Prodrugs of DTPA as Radionuclide Decorporation Agents

The Ca and Zn complexes of Diethylenetriaminepenta-acetic acid (DTPA) have been shown to be effective in enhancing the elimination of transuranic elements such as americium (Am), plutonium (Pu) and curium (Cm) in individuals who have been contaminated with radioisotopes of these elements.  Injectable formulations of Ca-DTPA and Zn-DTPA are currently stored in the Strategic National Stockpile following accidental contamination or a nuclear terrorism event, e.g., the detonation of an Improvised Nuclear Device or Radiological Dispersal Device (‘dirty bomb’).  DTPA is a chelating agent that increases the rates of elimination of these elements through the exchange of calcium or zinc ions.  DTPA is very water-soluble but, unfortunately, its oral bioavailability is minimal (i.e., ~1%).  Thus, Ca- and Zn‐DTPA are classified as Class III compounds (high solubility; low permeability) under the Biopharmaceutical Classification System.  Because these products must be administered by a skilled professional and, like all sterile, injectable pharmaceuticals, are expensive to manufacture, they do not lend themselves well for use in an emergency situation.

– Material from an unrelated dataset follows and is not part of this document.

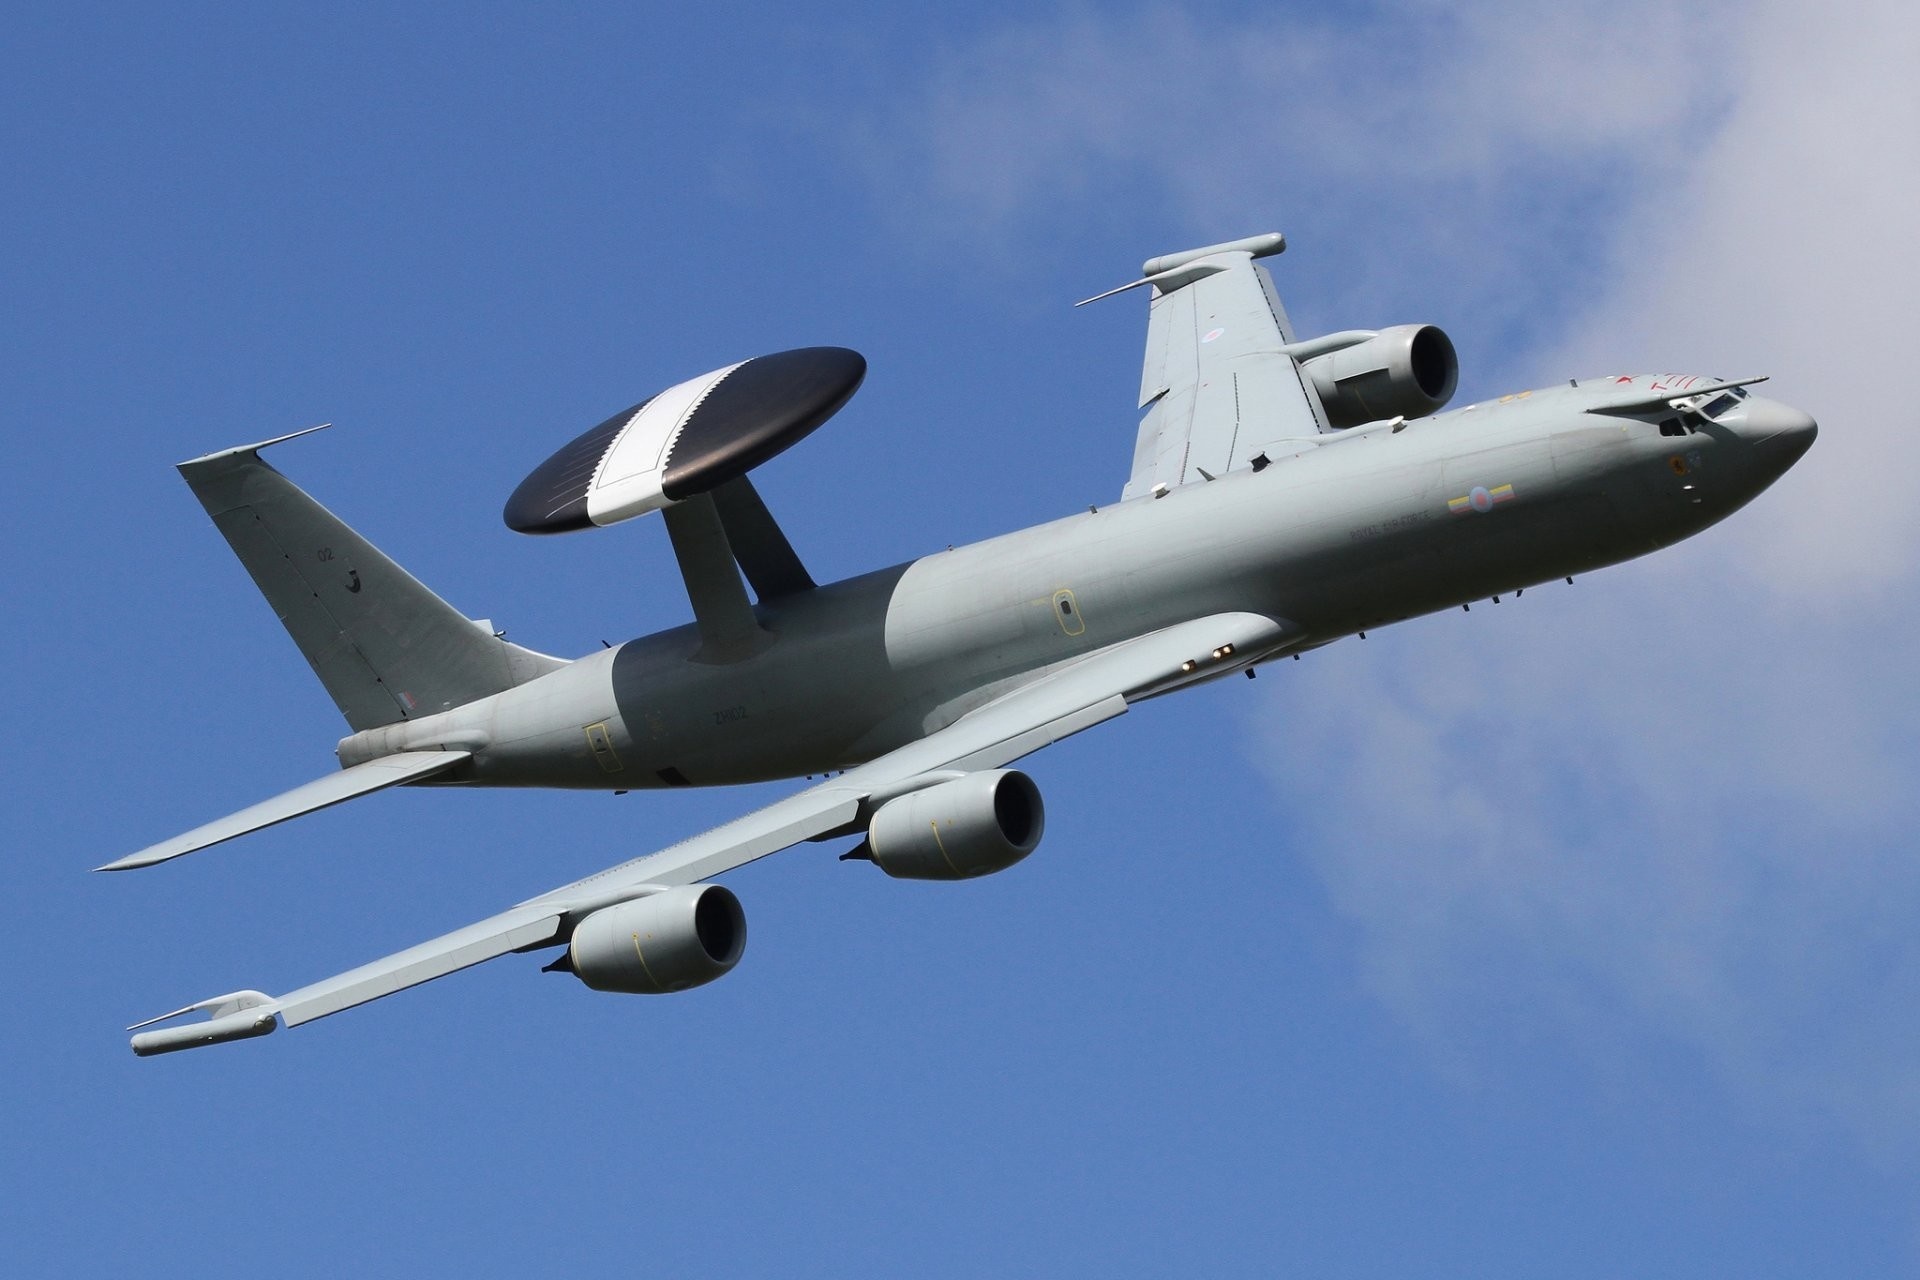 Boeing E-3, Sentry wallpapers, 68 background pictures, 1920x1280 HD Desktop
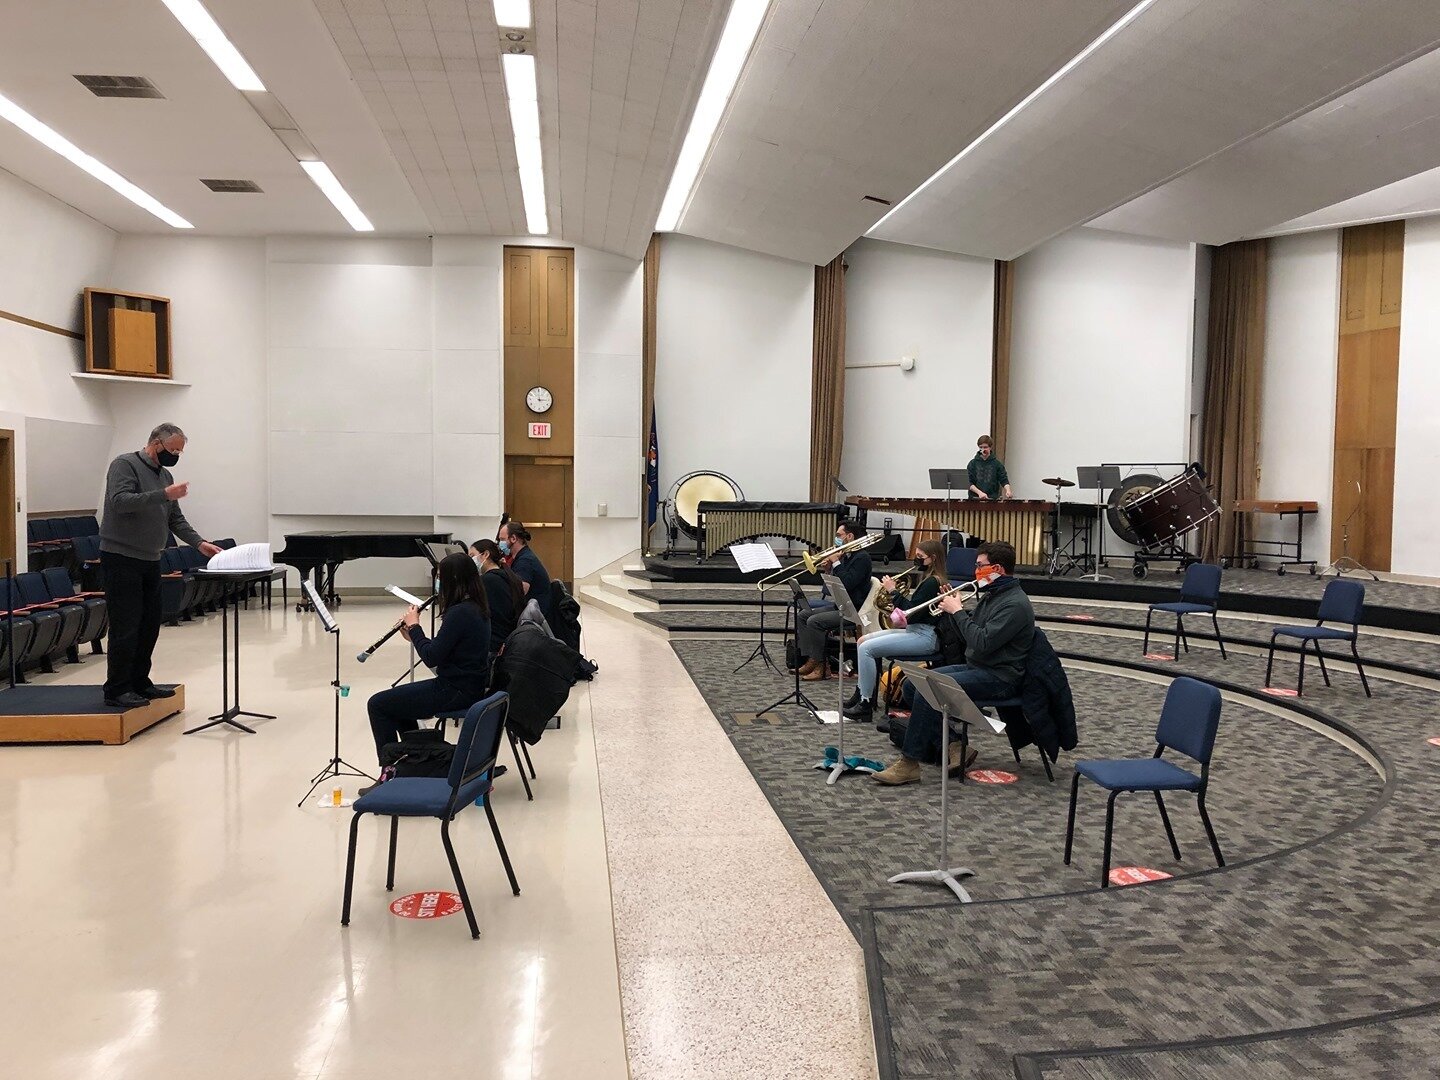 The Illinois Wind Symphony has been preparing &quot;Ba Yin&quot; by Chinese-American composer Chen Yi which was written for saxophone quartet and wind ensemble. Dr. Peterson can be seen leading members of the wind ensemble prior to combining with the

In order to achieve higher oral bioavailability, we prepared lipophilic prodrugs of DTPA that serve to enhance the absorption of the chelator through the intestinal mucosal membrane. These prodrugs were designed to be metabolized to DTPA during or after absorption from the GI tract. We have demonstrated that our lead compound, designated as C2E5, has excellent decorporation efficacy in animals that have been contaminated with 241Am.  Our goal is to develop this prodrug into a drug product that can be included in the Strategic National Stockpile for use by the general public in the case of a radiation emergency.  While C2E5 appears to exhibit excellent radionuclide decorporation efficacy in animal models, it is a challenging molecule from a pharmaceutical development perspective.  It is a viscous oil that has resisted all attempts at crystallization, is relatively unstable in aqueous environments, possesses no chromophores and thus is difficult to analyze, has a complex metabolic profile and has an objectionable taste. Therefore, we are expending considerable effort to develop bioanalytical methods for C2E5 and suitable formulations that are palatable, stable, non-toxic and readily administered to adult and pediatric populations.

We are also conducting extensive animal experiments to determine its pharmacokinetic parameters, to study the mechanisms by which C2E5 is converted metabolized, and to establish the optimum dose and dosing schedule.  In addition, we are working with a number of small companies in NC on manufacturing issues, formal stability studies and GLP safety-toxicology studies in rodent and non-rodent models in preparation of an IND submission.  Finally, we are working with the Lovelace Respiratory Research Institute to test the efficacy of C2E5 in large animals that have been contaminated by inhalation of Am and Pu radioisotopes.  Ultimately, the C2E5 products will be advanced through the regulatory-based product development pathway under the “Animal Rule” (because true efficacy studies cannot ethically be conducted in humans) for approval by the FDA.

This project is supported by funding ($6.6 MM) from NIAID.  Collaborators on this project include Dr. Russ Mumper who is providing expertise in formulation and product development, and Dr. Bill Zamboni who directs GLP labs will be used for the bioassay work and who is writing the clinical study design and conducting the pharmacokinetic-toxicokinetic analyses.